WHAT NEEDS TO BE DONE - Reproduce, exactly and in full, the lines from the one with "2014 Lexus IS-F fuel economy reading" through the one with "Chico Rey e Paraná Contos e Cordas Chico" in the data below; drop pictures.

MATERIAL FOR THIS TASK -
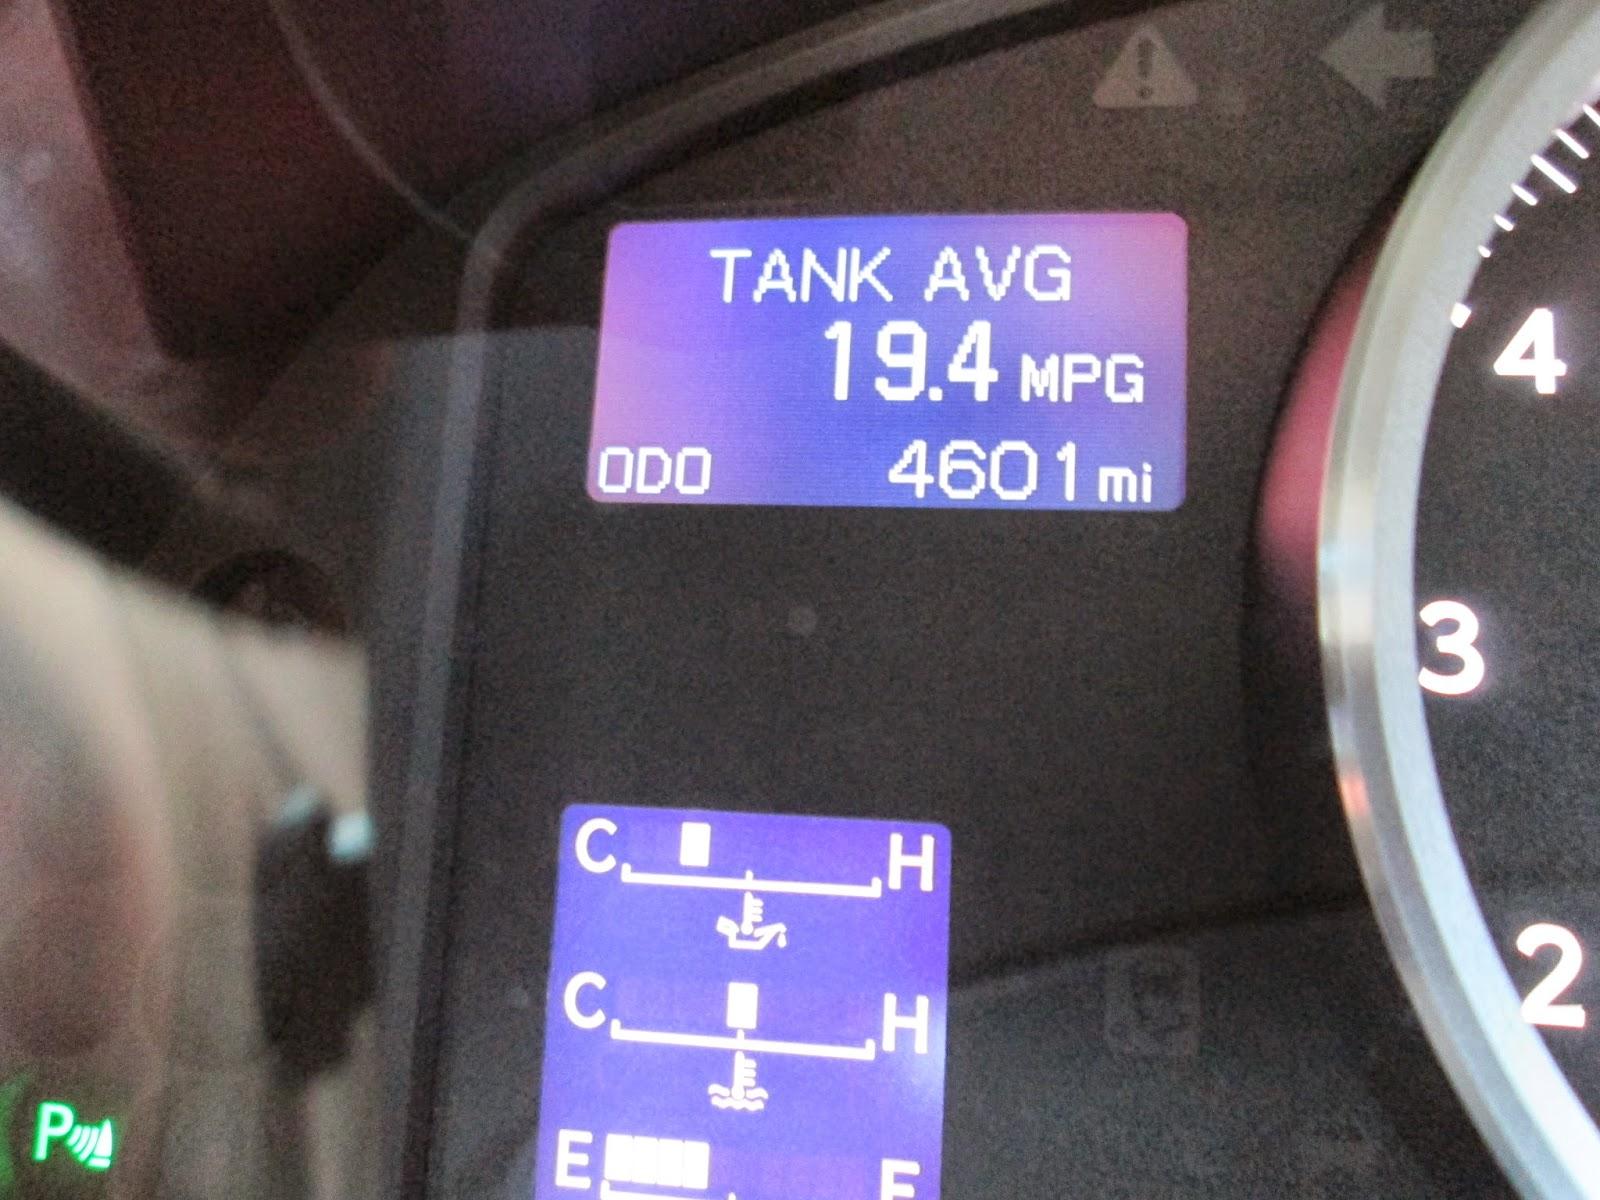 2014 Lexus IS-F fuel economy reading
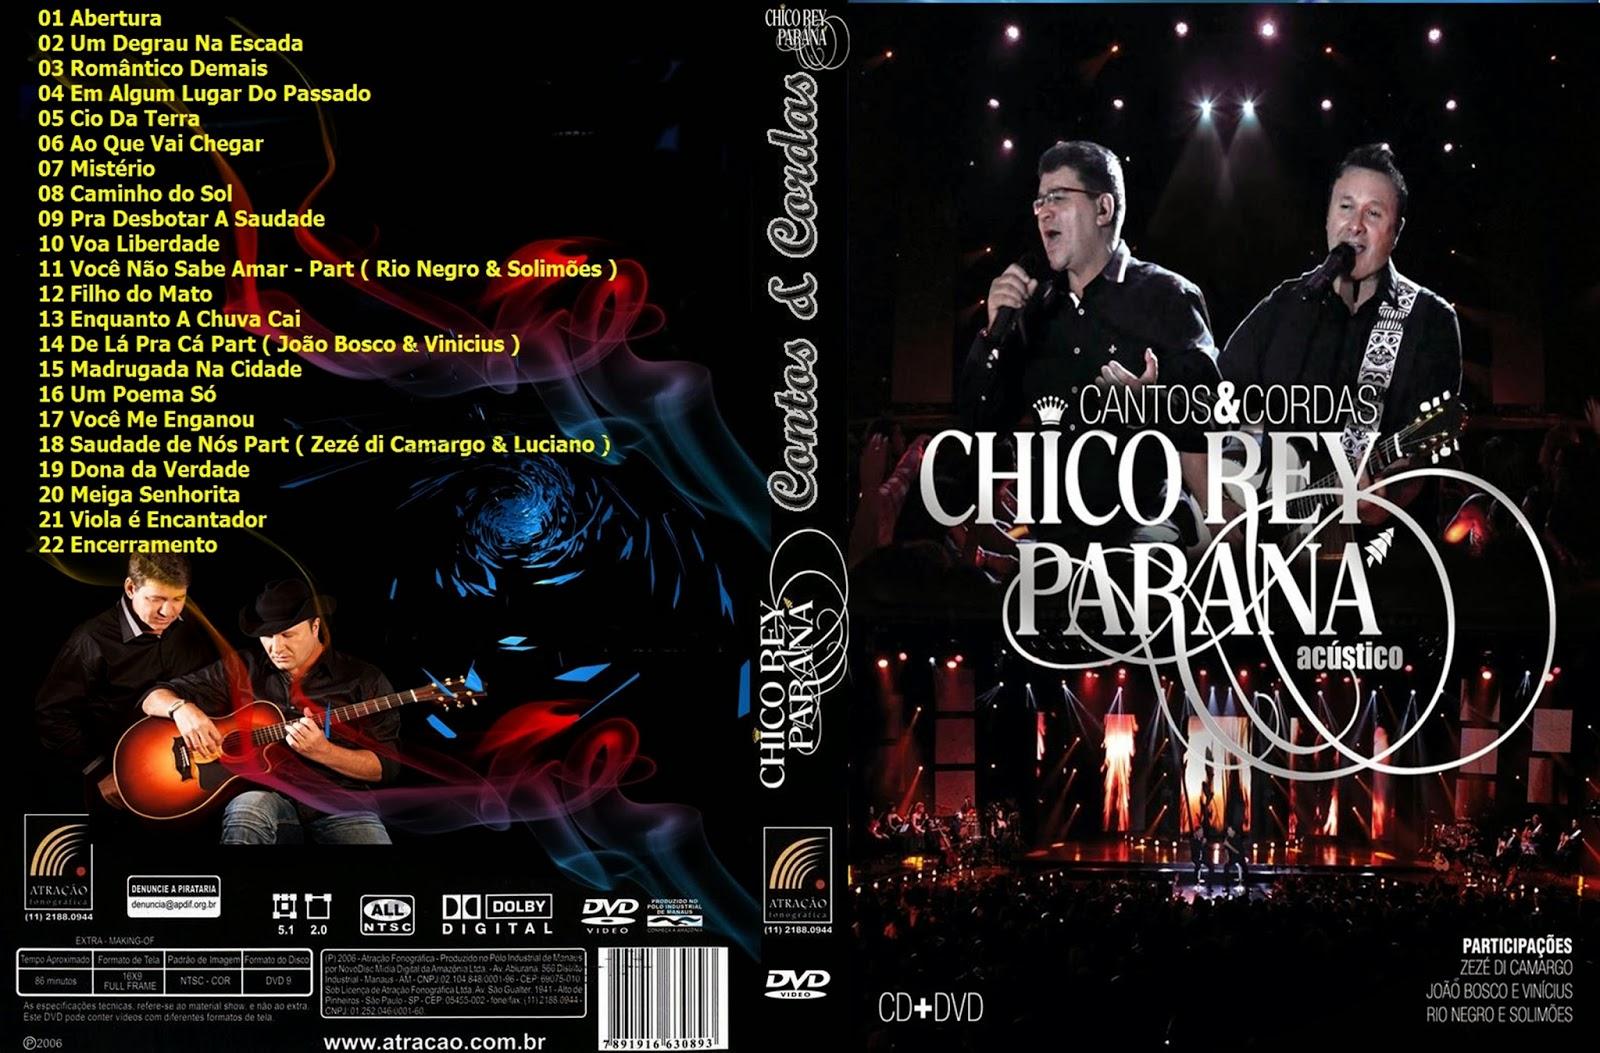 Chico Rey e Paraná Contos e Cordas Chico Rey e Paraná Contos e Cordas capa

...

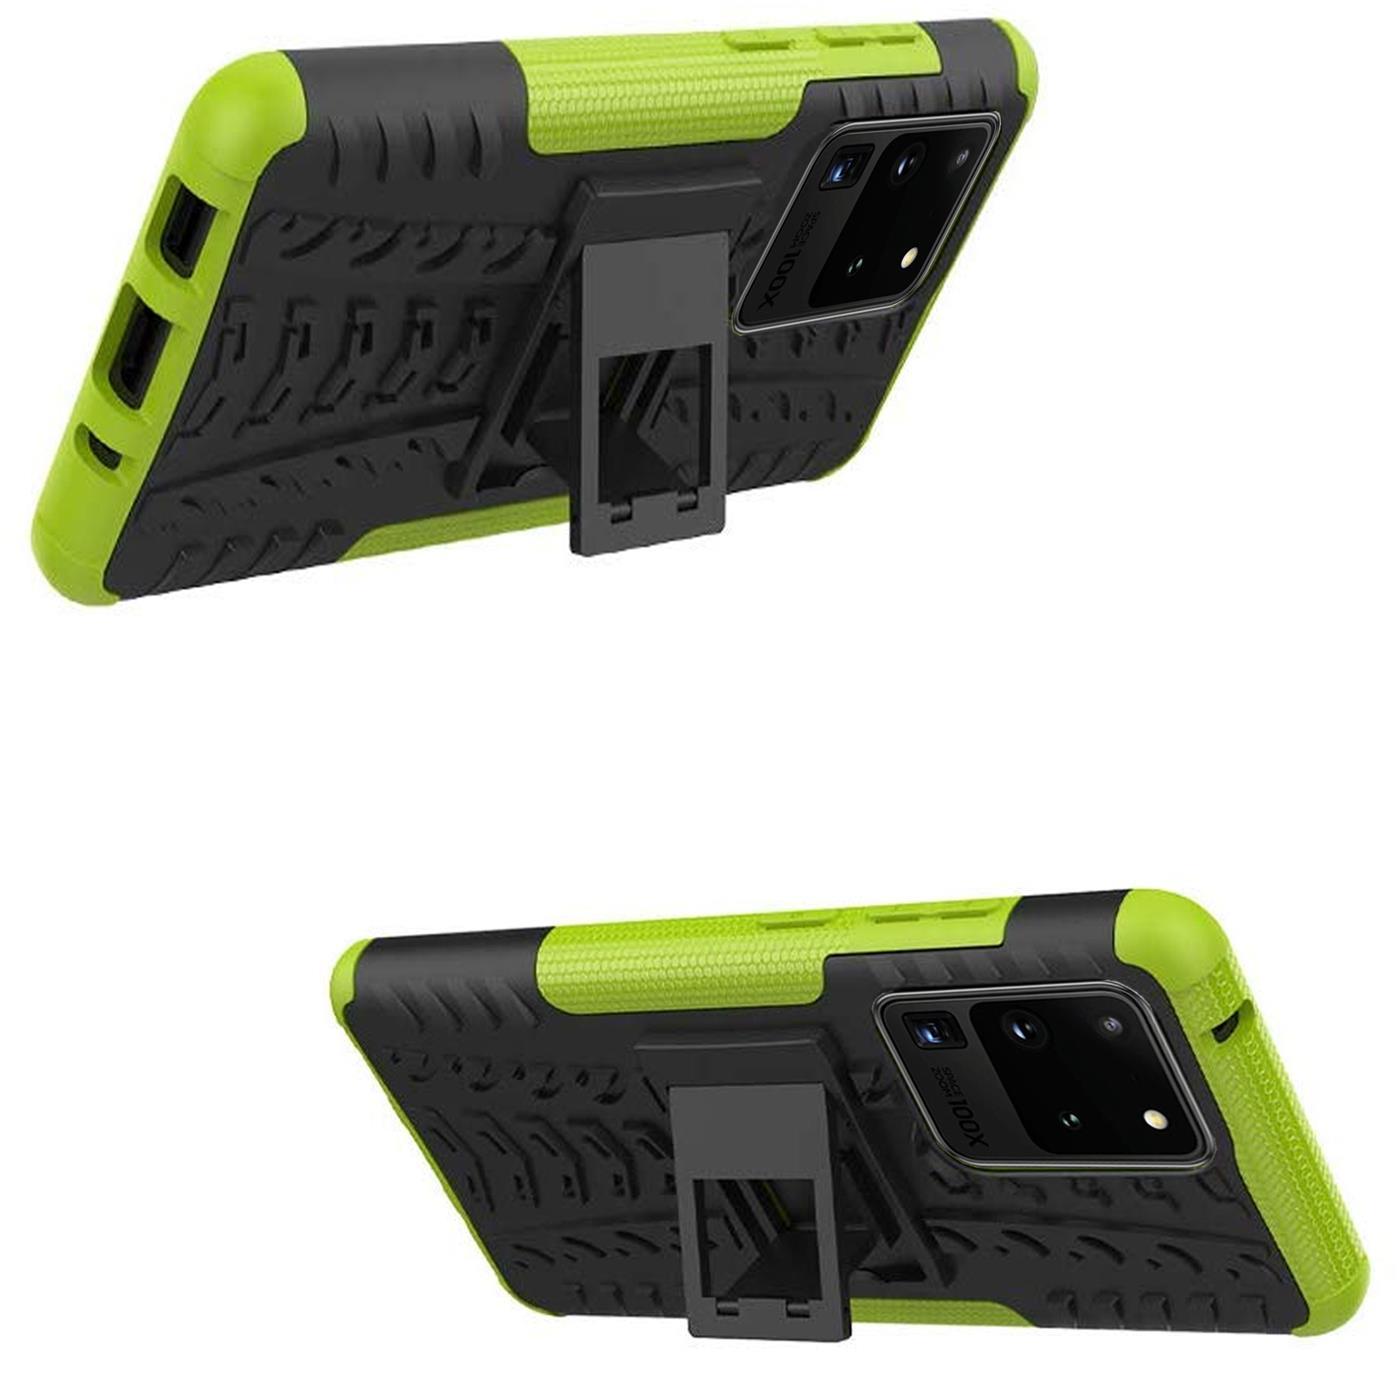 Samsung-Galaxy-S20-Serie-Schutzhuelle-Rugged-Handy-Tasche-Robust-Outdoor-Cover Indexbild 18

TASK RESPONSE -
 2014 Lexus IS-F fuel economy reading
 Chico Rey e Paraná Contos e Cordas Chico Rey e Paraná Contos e Cordas capa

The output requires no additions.